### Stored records
+++++
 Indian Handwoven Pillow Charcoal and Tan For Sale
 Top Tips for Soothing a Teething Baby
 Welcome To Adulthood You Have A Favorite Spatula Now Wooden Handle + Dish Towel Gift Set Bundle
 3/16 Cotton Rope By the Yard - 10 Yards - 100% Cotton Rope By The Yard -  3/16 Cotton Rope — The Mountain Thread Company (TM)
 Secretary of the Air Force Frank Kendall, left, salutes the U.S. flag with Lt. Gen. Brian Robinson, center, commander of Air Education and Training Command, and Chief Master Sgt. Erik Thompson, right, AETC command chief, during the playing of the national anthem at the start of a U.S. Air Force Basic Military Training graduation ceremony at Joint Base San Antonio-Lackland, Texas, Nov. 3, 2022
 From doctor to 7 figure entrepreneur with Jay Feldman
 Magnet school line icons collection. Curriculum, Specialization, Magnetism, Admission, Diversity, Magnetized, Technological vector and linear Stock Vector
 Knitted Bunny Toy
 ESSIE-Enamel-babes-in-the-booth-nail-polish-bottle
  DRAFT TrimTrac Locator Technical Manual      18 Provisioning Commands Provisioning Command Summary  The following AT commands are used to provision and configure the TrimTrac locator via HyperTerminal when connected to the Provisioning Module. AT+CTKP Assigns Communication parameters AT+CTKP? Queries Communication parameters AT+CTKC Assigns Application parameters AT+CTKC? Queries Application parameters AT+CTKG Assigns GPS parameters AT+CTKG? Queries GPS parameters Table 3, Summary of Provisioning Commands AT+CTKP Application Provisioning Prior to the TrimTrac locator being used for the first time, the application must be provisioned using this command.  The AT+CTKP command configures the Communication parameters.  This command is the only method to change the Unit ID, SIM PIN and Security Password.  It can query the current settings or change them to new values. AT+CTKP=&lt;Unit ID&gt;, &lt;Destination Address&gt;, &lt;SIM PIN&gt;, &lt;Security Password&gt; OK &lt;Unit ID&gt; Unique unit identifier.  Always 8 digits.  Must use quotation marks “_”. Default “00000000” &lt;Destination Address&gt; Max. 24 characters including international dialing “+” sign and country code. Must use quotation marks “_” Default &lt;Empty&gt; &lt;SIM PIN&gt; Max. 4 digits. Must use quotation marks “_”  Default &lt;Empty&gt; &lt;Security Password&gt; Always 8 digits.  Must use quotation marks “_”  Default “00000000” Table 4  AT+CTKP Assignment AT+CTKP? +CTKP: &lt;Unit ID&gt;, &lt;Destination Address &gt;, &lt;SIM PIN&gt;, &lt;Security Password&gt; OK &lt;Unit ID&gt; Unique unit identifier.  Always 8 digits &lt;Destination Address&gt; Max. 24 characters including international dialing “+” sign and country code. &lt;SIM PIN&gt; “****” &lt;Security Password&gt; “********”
+++++
### Task to carry out
Nothing above should be left out; write out every record exactly.

### Exercise response
 Indian Handwoven Pillow Charcoal and Tan For Sale
 Top Tips for Soothing a Teething Baby
 Welcome To Adulthood You Have A Favorite Spatula Now Wooden Handle + Dish Towel Gift Set Bundle
 3/16 Cotton Rope By the Yard - 10 Yards - 100% Cotton Rope By The Yard -  3/16 Cotton Rope — The Mountain Thread Company (TM)
 Secretary of the Air Force Frank Kendall, left, salutes the U.S. flag with Lt. Gen. Brian Robinson, center, commander of Air Education and Training Command, and Chief Master Sgt. Erik Thompson, right, AETC command chief, during the playing of the national anthem at the start of a U.S. Air Force Basic Military Training graduation ceremony at Joint Base San Antonio-Lackland, Texas, Nov. 3, 2022
 From doctor to 7 figure entrepreneur with Jay Feldman
 Magnet school line icons collection. Curriculum, Specialization, Magnetism, Admission, Diversity, Magnetized, Technological vector and linear Stock Vector
 Knitted Bunny Toy
 ESSIE-Enamel-babes-in-the-booth-nail-polish-bottle
  DRAFT TrimTrac Locator Technical Manual      18 Provisioning Commands Provisioning Command Summary  The following AT commands are used to provision and configure the TrimTrac locator via HyperTerminal when connected to the Provisioning Module. AT+CTKP Assigns Communication parameters AT+CTKP? Queries Communication parameters AT+CTKC Assigns Application parameters AT+CTKC? Queries Application parameters AT+CTKG Assigns GPS parameters AT+CTKG? Queries GPS parameters Table 3, Summary of Provisioning Commands AT+CTKP Application Provisioning Prior to the TrimTrac locator being used for the first time, the application must be provisioned using this command.  The AT+CTKP command configures the Communication parameters.  This command is the only method to change the Unit ID, SIM PIN and Security Password.  It can query the current settings or change them to new values. AT+CTKP=&lt;Unit ID&gt;, &lt;Destination Address&gt;, &lt;SIM PIN&gt;, &lt;Security Password&gt; OK &lt;Unit ID&gt; Unique unit identifier.  Always 8 digits.  Must use quotation marks “_”. Default “00000000” &lt;Destination Address&gt; Max. 24 characters including international dialing “+” sign and country code. Must use quotation marks “_” Default &lt;Empty&gt; &lt;SIM PIN&gt; Max. 4 digits. Must use quotation marks “_”  Default &lt;Empty&gt; &lt;Security Password&gt; Always 8 digits.  Must use quotation marks “_”  Default “00000000” Table 4  AT+CTKP Assignment AT+CTKP? +CTKP: &lt;Unit ID&gt;, &lt;Destination Address &gt;, &lt;SIM PIN&gt;, &lt;Security Password&gt; OK &lt;Unit ID&gt; Unique unit identifier.  Always 8 digits &lt;Destination Address&gt; Max. 24 characters including international dialing “+” sign and country code. &lt;SIM PIN&gt; “****” &lt;Security Password&gt; “********”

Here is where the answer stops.